Another study that shows discrepancies to the transcriptomic analyses shown here, found increased levels of CD39L1 (encoded by ENTPD2) at Braak stage III-IV in AD (154). Since CD39L1 modulates ATP metabolism and is particularly expressed in astrocytes (25), increased CD39L expression would reduce local ATP levels and thus dampen P2Y1-mediated astrocytic hyperactivity in CNS tissue with AD pathology, while its reduced expression, as suggested by the transcriptomic analyses, would have the opposite effect. Further studies are required to resolve these potential effects.
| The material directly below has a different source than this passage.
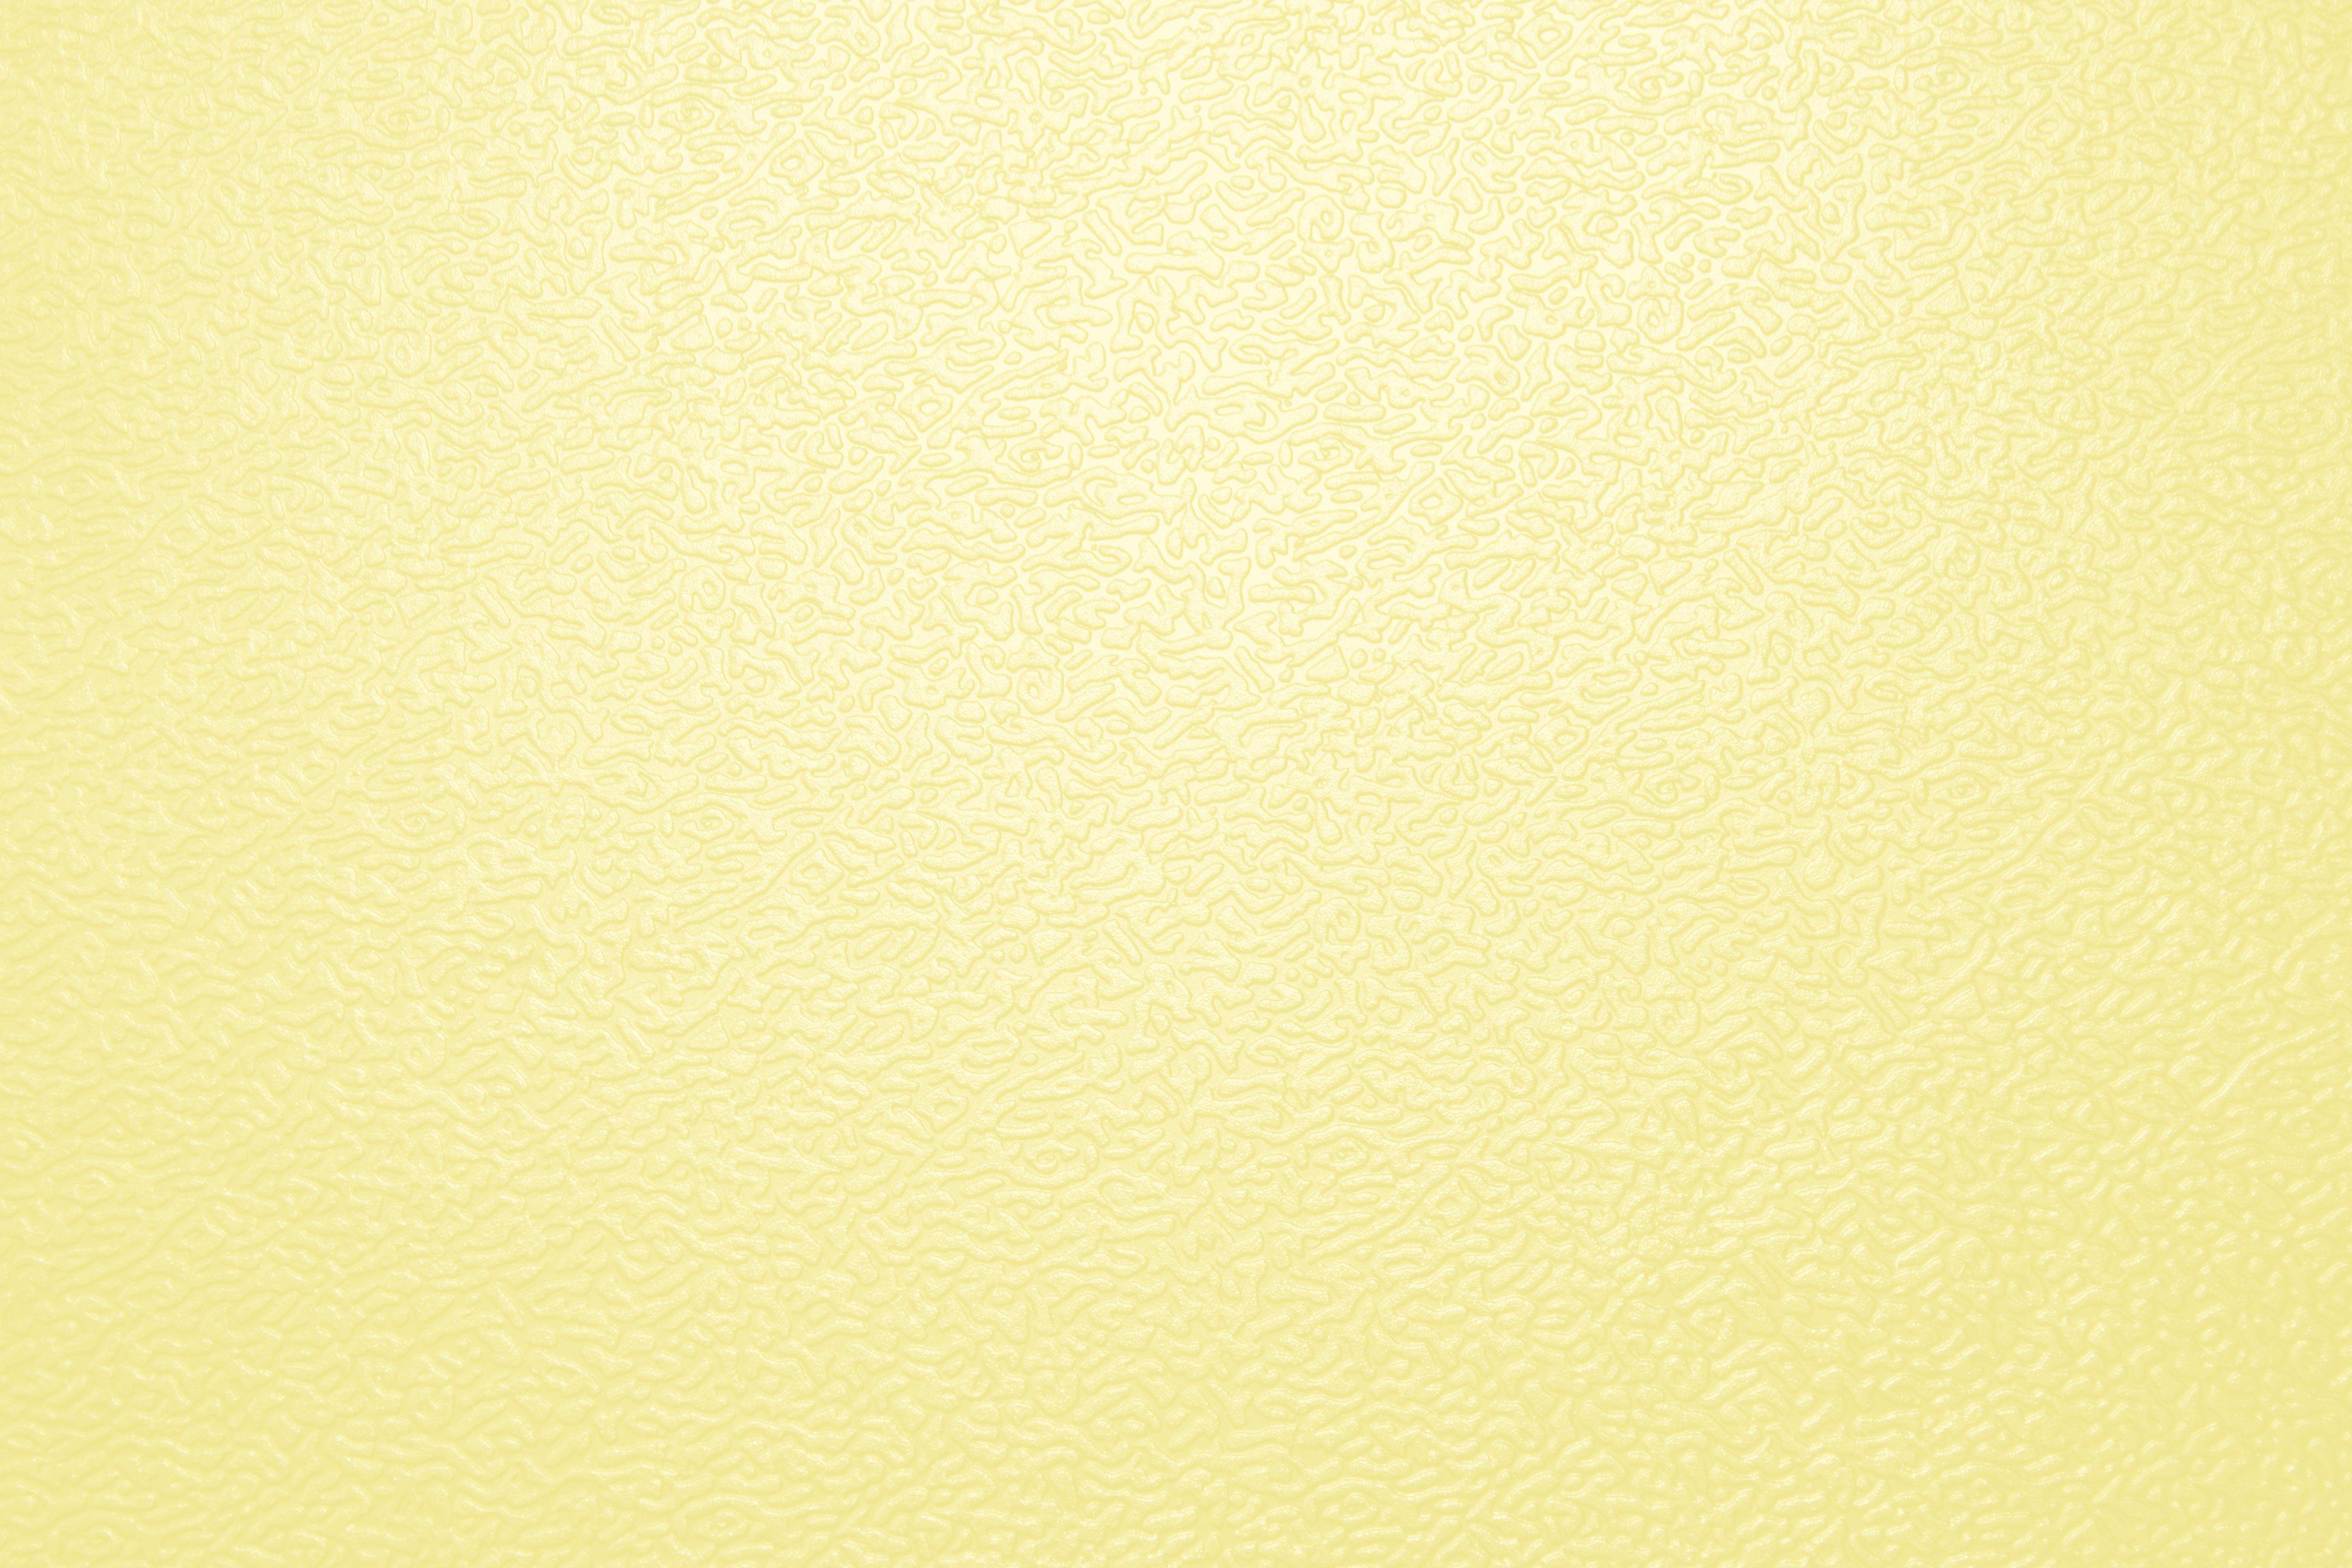 light yellow wallpaper wallpapersafari. Black Bedroom Furniture Sets. Home Design Ideas

In agreement with the upregulation of Gja1/Connexin-43 (CX43) in astrocytes found in the transcriptomic analyses from AD mouse models and human AD brains we summarized here (Figure 4), Gja1 was detected among the astrocytic genes dysregulated in the proximity of amyloid plaques (155). CX43 contributes to ATP release (156). These effects seem to be mediated by amyloid pathology, as amyloid exposure triggers increased expression of CX43, both in vitro and in AD models (157–159). Deletion of astroglial CX43 in an AD mouse model was able to reduce astrocyte reactivity, ATP release, plaque-associated neuronal damage and improved synaptic function (160). In both, an in vitro and a mouse model of PD, astroglial CX43 was increased following exposure of rotenone, a neurotoxic substance (161, 162). Interestingly, CX43 activity is downstream of P2X7 and contributes to ATP release from astrocytes (163). Using a CX43 inhibitor, reduced α-synuclein deposits and attenuated neuroinflammation in a PD rat model were observed (164), highlighting the therapeutic potential of CX43 in several neurodegenerative diseases. CX43 and PANX1 are downregulated in an ALS mouse model (SOD1 mutant) at pre-symptomatic stage, while being upregulated at symptomatic stage (165), which again suggests that disease-dependent activation stages should be taken into account when designing therapeutic intervention.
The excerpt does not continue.